The European authorities could . . . allow for Ireland to undertake a temporary fiscal stimulus to get their economy growing again. That is the most feasible, practical alternative to continued recession.
Instead, the European authorities are trying what the IMF . . . calls an "internal devaluation". This is a process of shrinking the economy and creating so much unemployment that wages fall dramatically, and the Irish economy becomes more competitive internationally on the basis of lower unit labour costs. . . .
Aside from huge social costs and economic waste involved in such a strategy, it's tough to think of examples where it has actually worked. . . .
If you want to see how rightwing and 19th-century-brutal the European authorities are being, just compare them to Ben Bernanke, the Republican chair of the US Federal Reserve.
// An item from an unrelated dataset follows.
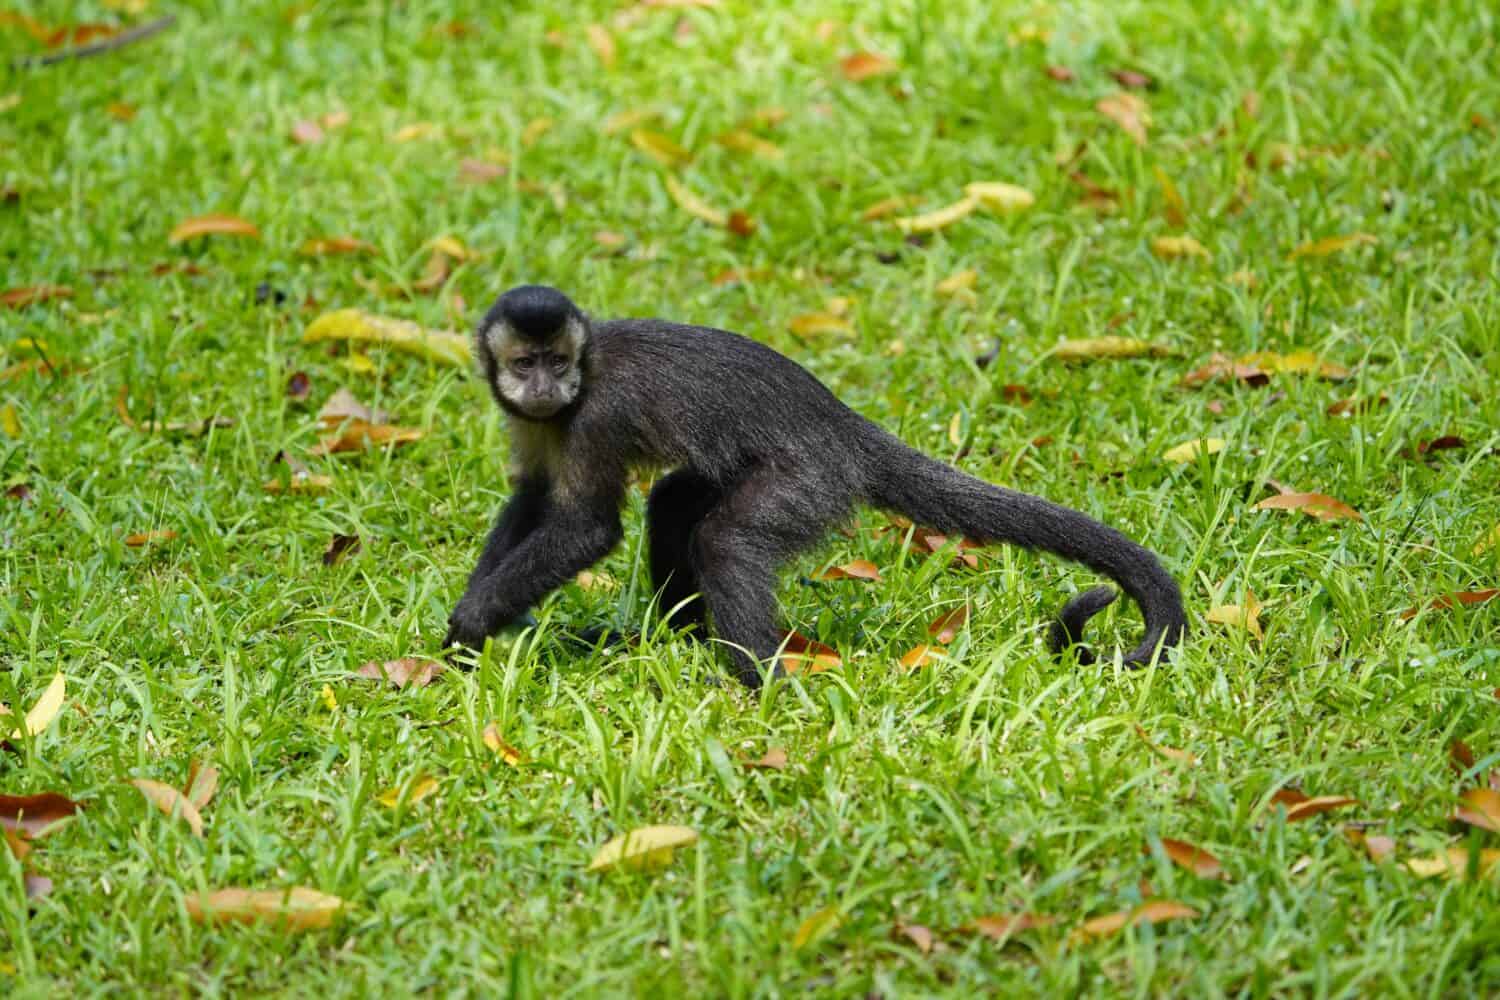 Il cappuccino nero (Sapajus nigritus), noto anche come cappuccino dalle corna nere, è una scimmia cappuccina della Foresta Atlantica nel Brasile sud-orientale e nell'estremo nord-est dell'Argentina.

He recently initiated a second round of "quantitative easing", or creating money -" another $600bn dollars over the next six months. And . . . he made it clear that the purpose of such money creation was so that the federal government could use it for another round of fiscal stimulus. The ECB could do something similar -- if not for its rightist ideology and politics.
Deficit Easing
For Ireland, Douthwaite recommends a modified form of quantitative easing he calls "deficit easing." He explains:
Both approaches involve central banks creating money. With quantitative easing, the new money is generally used to buy securities from the banking system, thus providing the banks with more money to lend. Unfortunately that is where problems have been arising in the US and the UK. Because the public has been unwilling to borrow, or the banks have been unwilling to lend, quantitative easing has not increased the supply of money in circulation in the US, where M3 began to decline in the second half of 2009 and was still falling a year later. . . .
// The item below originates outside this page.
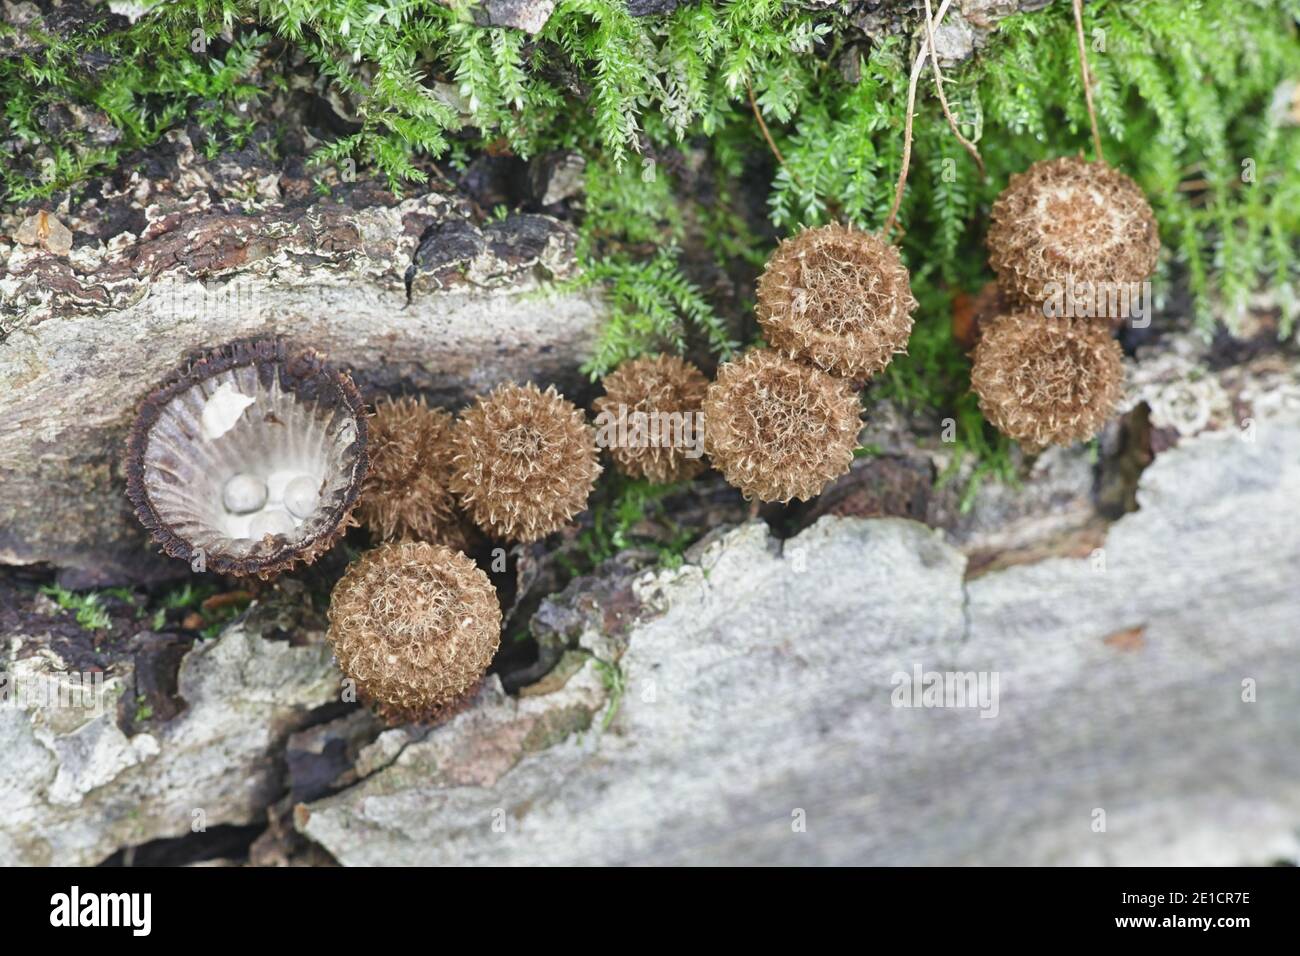 Cyathus striatus, connu sous le nom de nid d'oiseau à cannelures champignon ou splash cup, les champignons de la Finlande Banque D'Images

Deficit-easing avoids this "won't-borrow-won't-lend' bottleneck by giving the new
money to governments to spend into use, or to pass on to their citizens to reduce their
own debts or to invest in approved ways.
The U.S. Federal Reserve may be considering a similar approach. So says Professor David Blanchflower, a former member of the Bank of England's Monetary Policy Committee, who stated on October 18 that he had been at the Fed in Washington for one of its occasional meetings with academics.
"Quantitative easing remains the only economic show in town," he said, "given that Congress and President Barack Obama have been cowed into inaction."
What will the Fed buy with its quantitative easing tool?
" They are limited to only federally insured paper," said Blanchflower, "which includes Treasuries and mortgage-backed securities insured by Fannie Mae and Freddie Mac. But they are also allowed to buy short-term municipal bonds, and given the difficulties faced by state and local governments, this may well be the route they choose, at least for some of the quantitative easing. "
The Fed could buy short-term municipal bonds from the states, easing the states' budget crises. It could set up a facility for bailing out the states at very low interest rates, along the lines of those facilities set up to bail out the Wall Street banks.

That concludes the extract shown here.